The New Republic outlined what’s up here: “The bill would essentially make refunds only available to people who have the time and resources to navigate whatever processes an airline sets up. Plus, contacting an airline has never been easy to do. This would also seem to defeat the purpose of Biden’s new rule: hassle-free payback to inconvenienced travelers.”

What is interesting about the Cruz gaggle is that it is bipartisan, something that never happens in 2024 Washington DC. But, wait, remember our opening line. Jacobin tells what Cruz et. al. have in common. “All of them take substantial airline industry donations.”

Jacobin continued: “The lawmakers are four of the six largest congressional recipients of campaign cash from the airline industry in the current election cycle, according to data from the government transparency group OpenSecrets.”

Joining Cruz are Maria Cantwell and Rick Larsen (both Democrats from Washington where, um, isn’t Boeing headquartered there?) Sam Graves (R – Mo) is also in the group.

Much of the draft bill is plain vanilla, little to object to.

And then there’s a curveball: “Sets Clear Right to Refunds: For the first time, passengers will have clear standards in law for refunds when an airline cancels or significantly delays a flight.  A refund will be required if a domestic flight is delayed 3-hours and if an international flight is delayed 6-hours. Airlines will be required to display easy-to-find refund request buttons on their websites.”

That sounds good. It isn’t. What it does is undo the DOT rules and puts the burden for action back on the passenger, many of whom long ago gave up fighting with air carriers because it’s akin to trying to put an egg back into a cracked shell.

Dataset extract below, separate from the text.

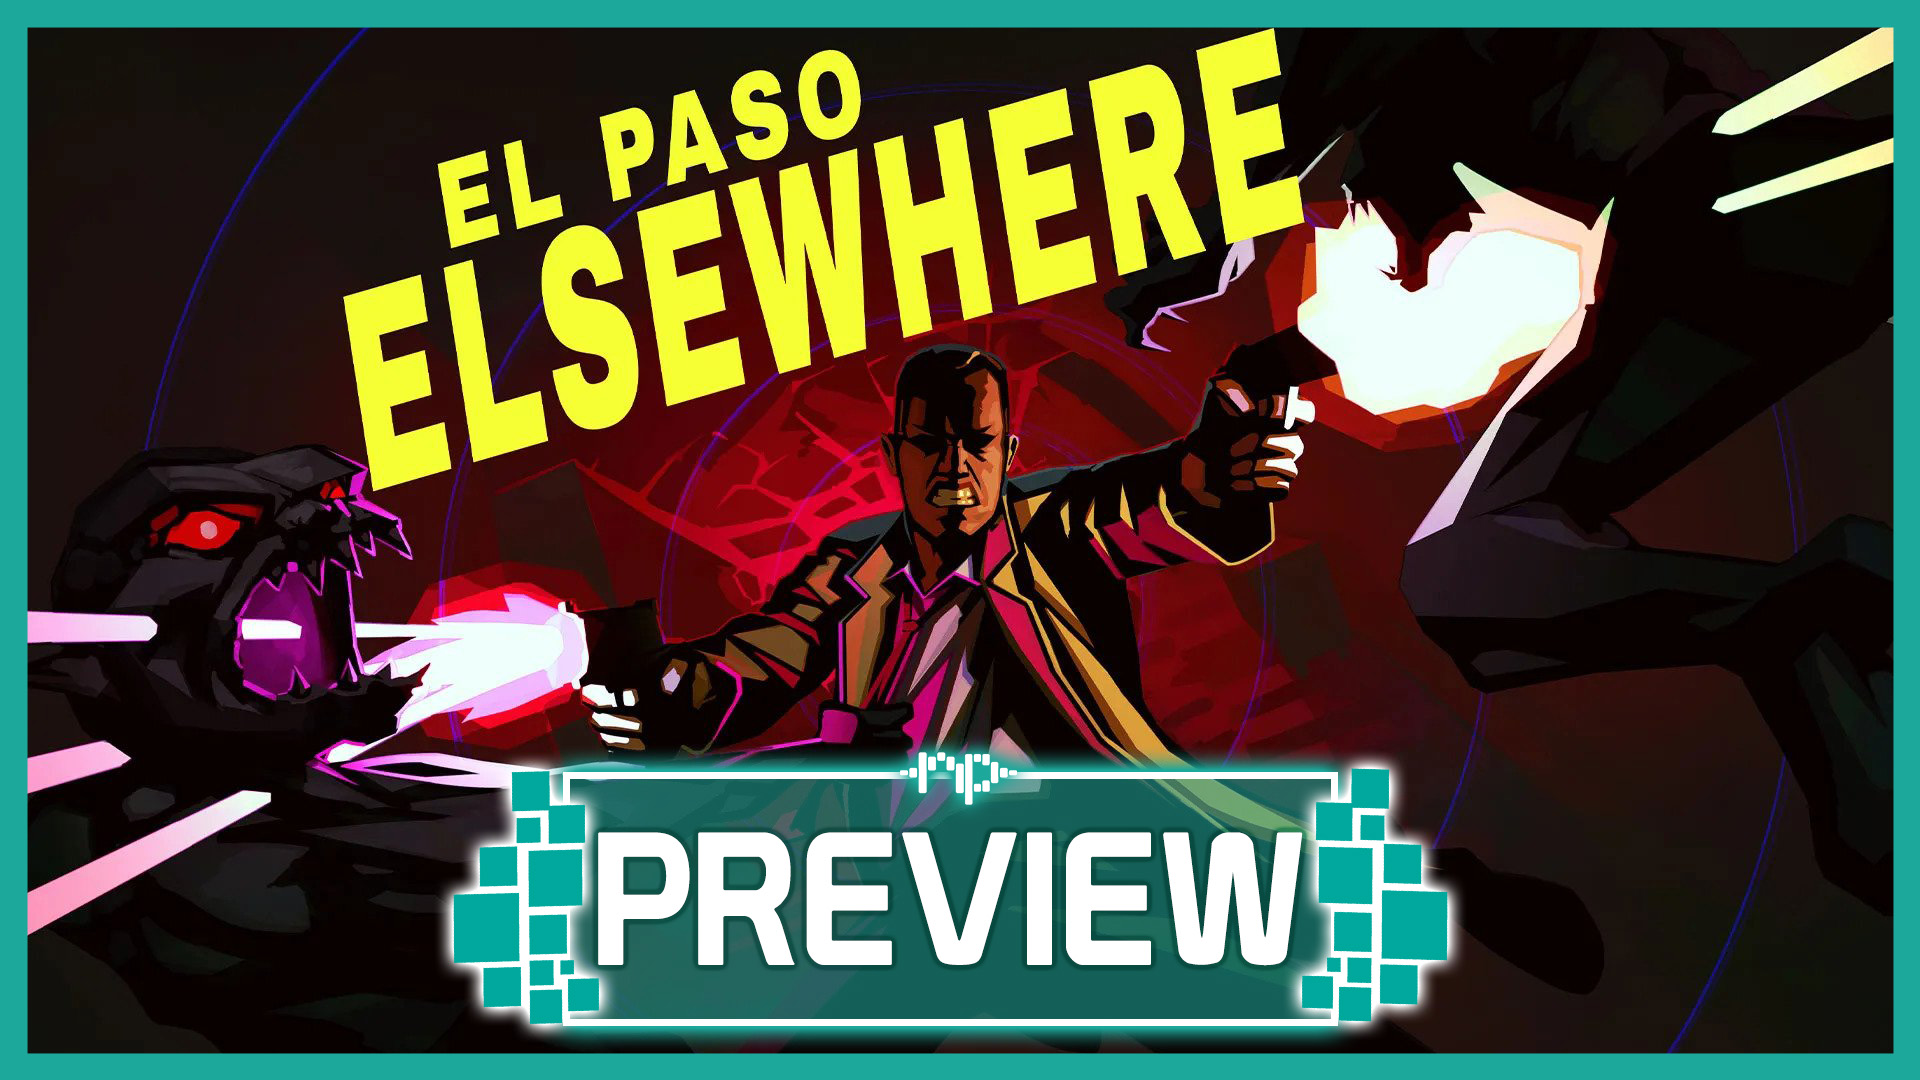 El Paso, Elsewhere Preview – Neo Slow-Mo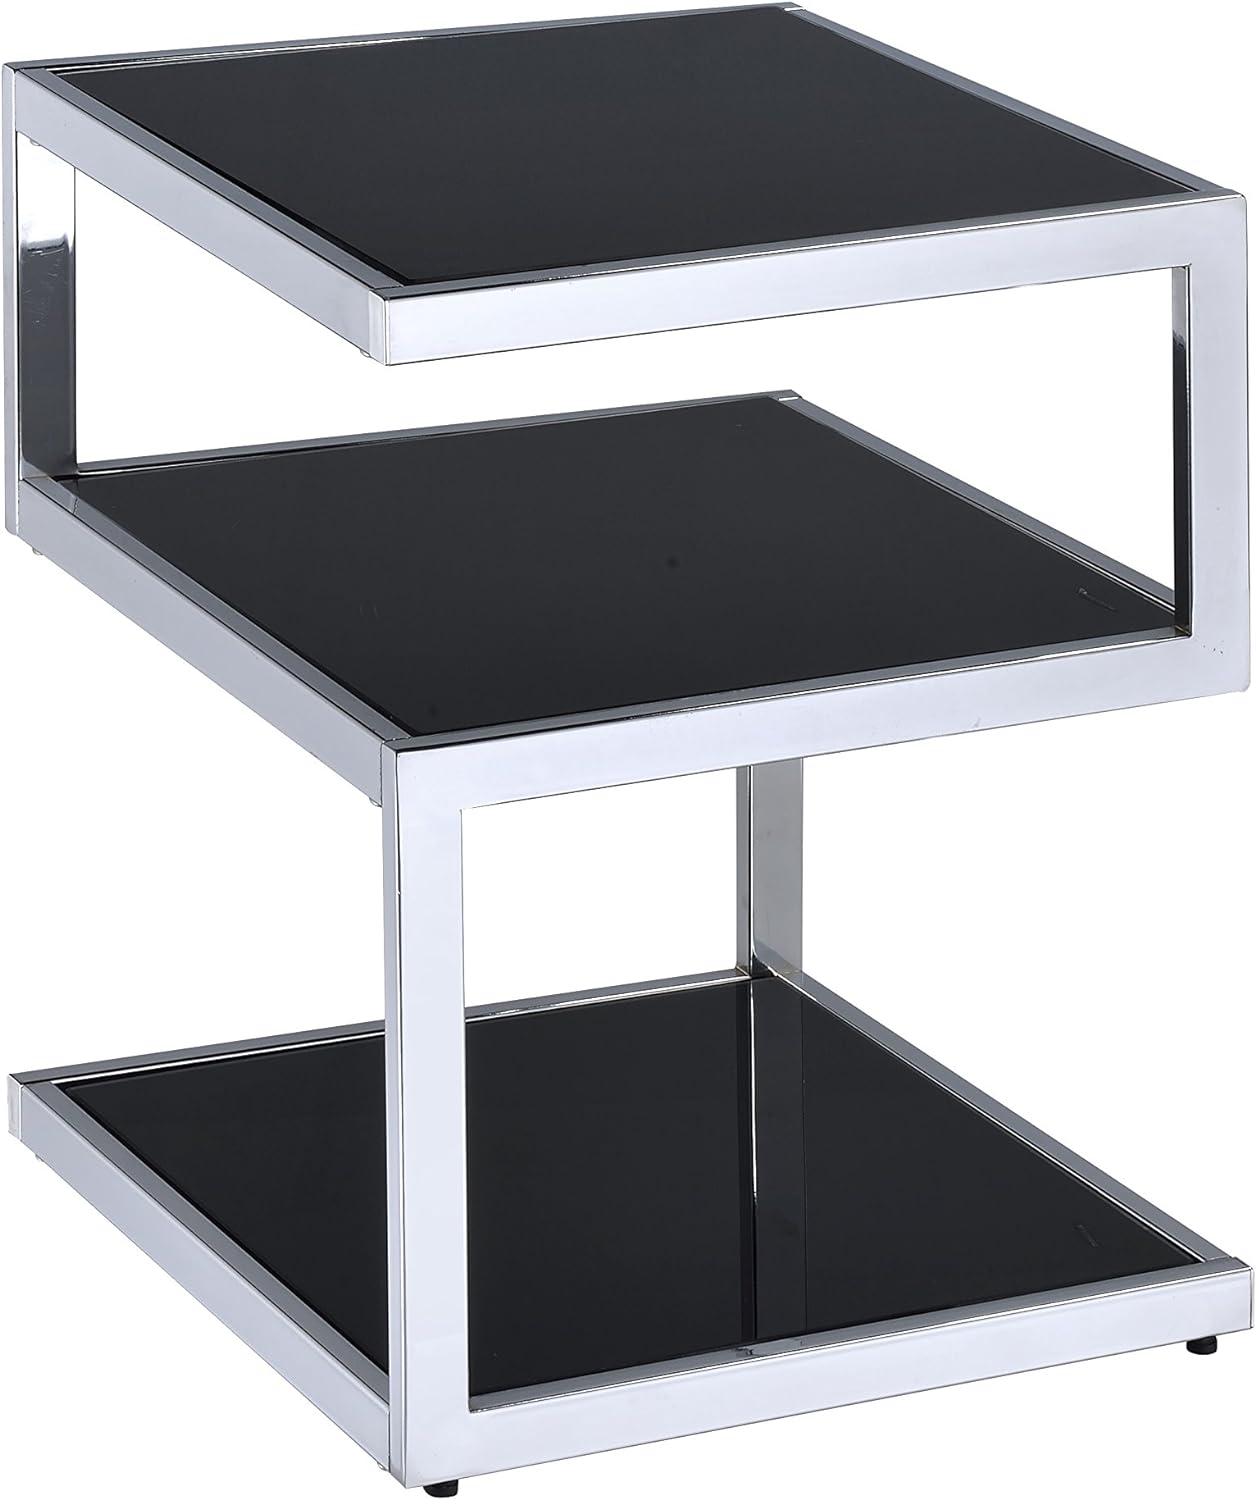 3-Tier Alyea End Table Side Table with Glass Top

Usually, nobody except a low level aide would actually read such a routine document from Cruz et. al. That’s why it’s a perfect place to insert mayhem. 

But in this case clumsy Cruz stumbled and others took notice.  For instance: “Congress is using the latest FAA Reauthorization to weaken the DOT’s hugely popular new rule requiring automatic cash refunds for flight cancellations and delays—a watershed achievement issued just last week to protect passengers against too-big-to-care airlines,” said Morgan Harper, Director of Policy and Advocacy at the American Economic Liberties Project.

What can we do? Write your Senator and get this legislation stopped..

Sure, the Biden rules are disappointing…but they are better than the nothing burger Cruz et al are serving up.

Everything you don’t know about BNPL and what you must know now

by Robert McGarvey

File this under: What you don’t know that you don’t know can hurt you.

That’s my takeaway from a long conversation I recently had with Bryce Deeney, a co-founder and CEO of equipifi.

Deeney and I had talked about BNPL two years ago and I thought I knew all I needed to know about it – it’s interest free, short term, small dollar loans much loved by Gen Z who use it to pay for stuff like a Taylor Swift MP3. Default rates were unknown but thought to be double digit. And there’s no way to track how many active BNPL loans a particular consumer has so lending money is definitely a crap shoot. No wonder credit unions, most of them, are sitting on the sidelines.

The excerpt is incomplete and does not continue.